Standard Vocabularies

  • Added original_place_name citation property - Records the verbatim place name from a source before normalization to a place entity (e.g., "The Town Of Oakdale" vs the normalized place reference)
  • Added relationship types - neighbor, coworker, housemate for census/social records; apprenticeship, employment, enslavement, relative for occupational and generic kinship relationships
  • Added event types - legal_separation, taxation, voter_registration for legal/administrative events; military_service, stillborn, affiliation for service periods, stillbirths, and memberships
  • Added source types population_register, tax_record, notarial_record - Common European and colonial record types
  • Expanded military source type description - Now includes draft registrations and muster rolls

Participant Object

  • Added properties to participants - Participants across events, relationships, and assertions can now carry per-participant properties like age_at_event, enabling shared events (census, passenger lists) to record individual data without creating separate events per person
  • Participant properties validated against parent entity vocabulary - Event participant properties validated against event_properties, relationship participant properties against relationship_properties, assertion participant properties against event_properties

Assertion Entity

  • Added existential assertions - Assertions no longer require property or participant; an assertion with only subject and evidence asserts the entity's existence, optionally at a specific date (#26)

GEDCOM Import

  • Import HEAD metadata - GEDCOM HEAD record fields (export date, source file, copyright, language, source system/version/corporation, GEDCOM version, character set, notes) are now stored in a metadata section on the GLX archive instead of being discarded after logging
  • Import SUBM metadata - GEDCOM SUBM submitter information (name, address, phone, email, website) is now stored in metadata.submitter on the GLX archive

Data Model

  • Added Metadata type - New top-level metadata field on GLX archives for storing import provenance information
  • Added Submitter type - Nested within metadata to hold submitter contact details

Changed

Specification

  • Removed hard-coded vocabulary counts - Replaced "N standardized type codes" with descriptive text to prevent stale counts as vocabularies grow
  • Improved custom type example - Custom event type example now shows defining custom participant roles (apprentice, master) alongside the custom event type
  • Clarified subject participant role - Documented as preferred over principal

Fixed

Specification

  • Fixed confidence levels example format - Core concepts example now uses the correct label/description structure instead of simple key-value strings
  • Fixed citation GEDCOM mapping - Corrected invalid SOUR.CITN.EXID tag to SOUR.EXID
  • Fixed core-concepts.md formatting - Property Vocabularies heading was merging with preceding table
  • Fixed glossary Secondary Evidence example - Replaced "census records" (primary evidence) with "published indexes, compiled genealogies"

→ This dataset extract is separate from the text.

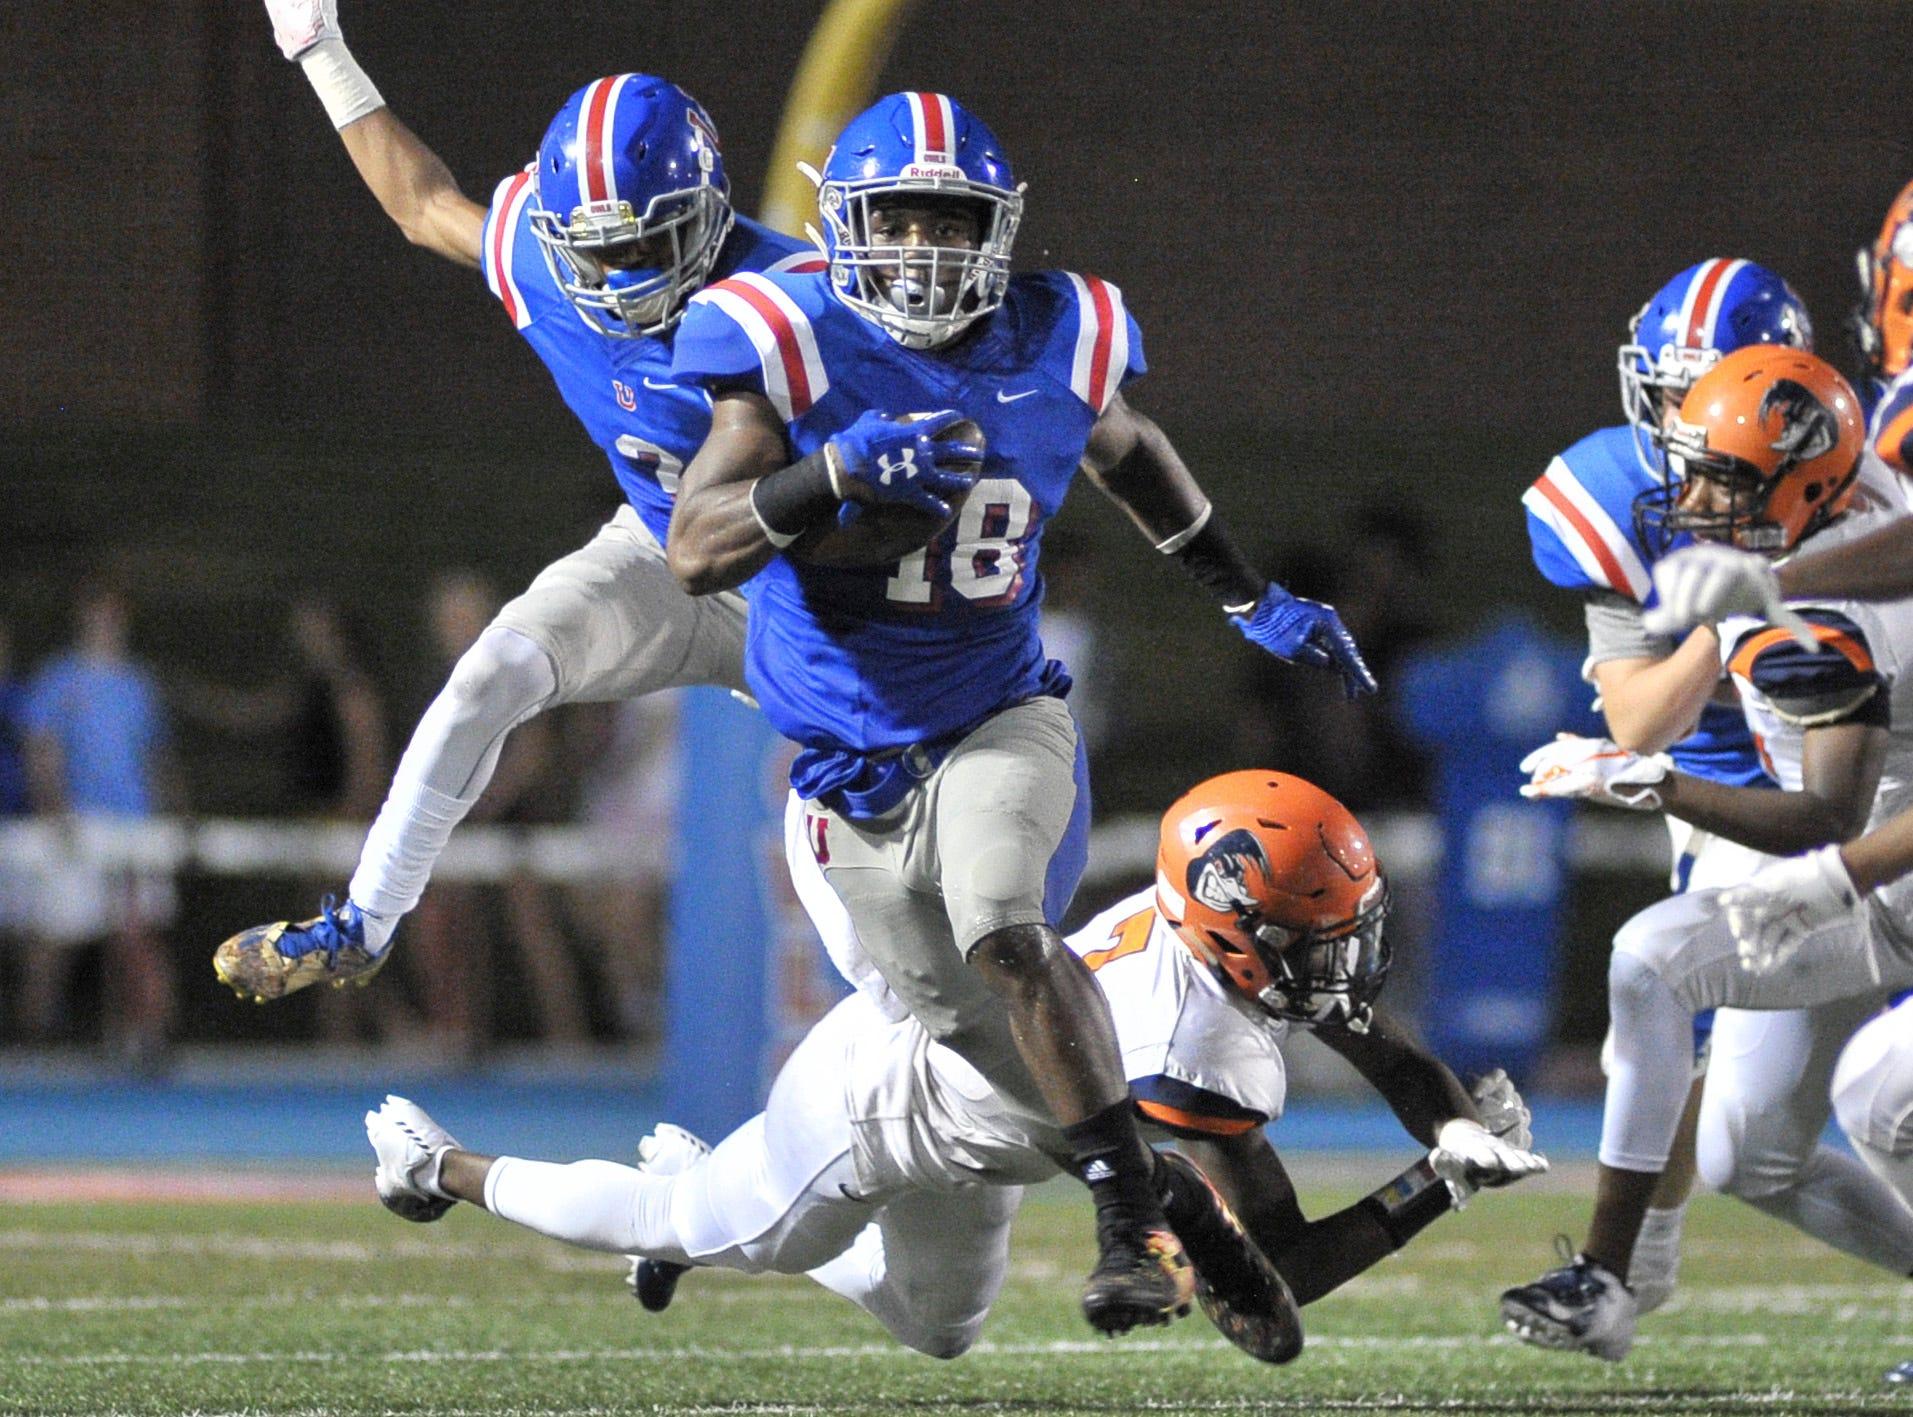 Memphis University School's Maurice Hampton carries the ball against Ridgeway at Memphis University School.

[0.0.0-beta.5] - 2026-03-06

Added

Standard Vocabularies

  • Added url and accessed properties for digital sources - Sources can now record a url property, and citations can record an accessed date for when an online source was last verified (#21)
  • Added race person property - Temporal string property for recording racial classifications as they appear in historical documents such as census records (#24)
  • Added url and external_ids citation properties - Citations can now record a direct URL to cited material and external identifiers (e.g., FamilySearch ARK) for record-level specificity (#23)
  • Added type field to external_ids property - All external_ids properties (person, source, citation, repository) now support a structured fields.type to record the issuing authority (e.g., FamilySearch URI from GEDCOM EXID.TYPE) (#32)
  • Added type field to name property - Name property now supports a fields.type to classify name usage (e.g., birth, married, alias) (#25)

Assertion Entity

  • Added status field to assertion entity — Assertions can now record a research status (e.g., proven, disproven, speculative) independently of confidence, allowing researchers to distinguish between certainty and verification state (#27)

GEDCOM Import

  • Import NAME.TYPE subfield - GEDCOM NAME.TYPE values (BIRTH, MARRIED, AKA, etc.) are now lowercased and stored in the name property's type field (#25)
  • Import EXID on citations - GEDCOM 7.0 EXID tags on source citations are now imported as external_ids citation properties (#32)
  • Structured EXID import - GEDCOM EXID.TYPE is now stored in fields.type instead of being concatenated into the ID string; applies to all entity types (#32)

Fixed

GEDCOM Import

  • Multiple GEDCOM NAME records no longer silently dropped (#29) - When a person has multiple NAME records (birth name, married name, etc.), all names are now stored as a temporal list instead of only keeping the last one
  • FAM event processing no longer depends on HUSB/WIFE tag order (#15) - Family events (CENS, ENGA, MARB, etc.) are now collected in a first pass and processed after spouse IDs are extracted, so GEDCOM tag order no longer matters
  • Census NOTE no longer discarded when SOUR exists (#30) - NOTE text on CENS records is now appended to existing citation notes when SOUR sub-records are present, instead of being silently lost
  • Marriage/divorce events use start_event/end_event instead of properties - GEDCOM MARR and DIV events are now correctly linked to relationships via the top-level start_event and end_event fields, eliminating non-vocabulary marriage_event/divorce_event property warnings
  • Append residence on PLAC-without-DATE instead of overwriting - When residence came from a GEDCOM RESI tag or census-derived CENS data with a PLAC but no DATE, the residence property was overwritten instead of appended (#22)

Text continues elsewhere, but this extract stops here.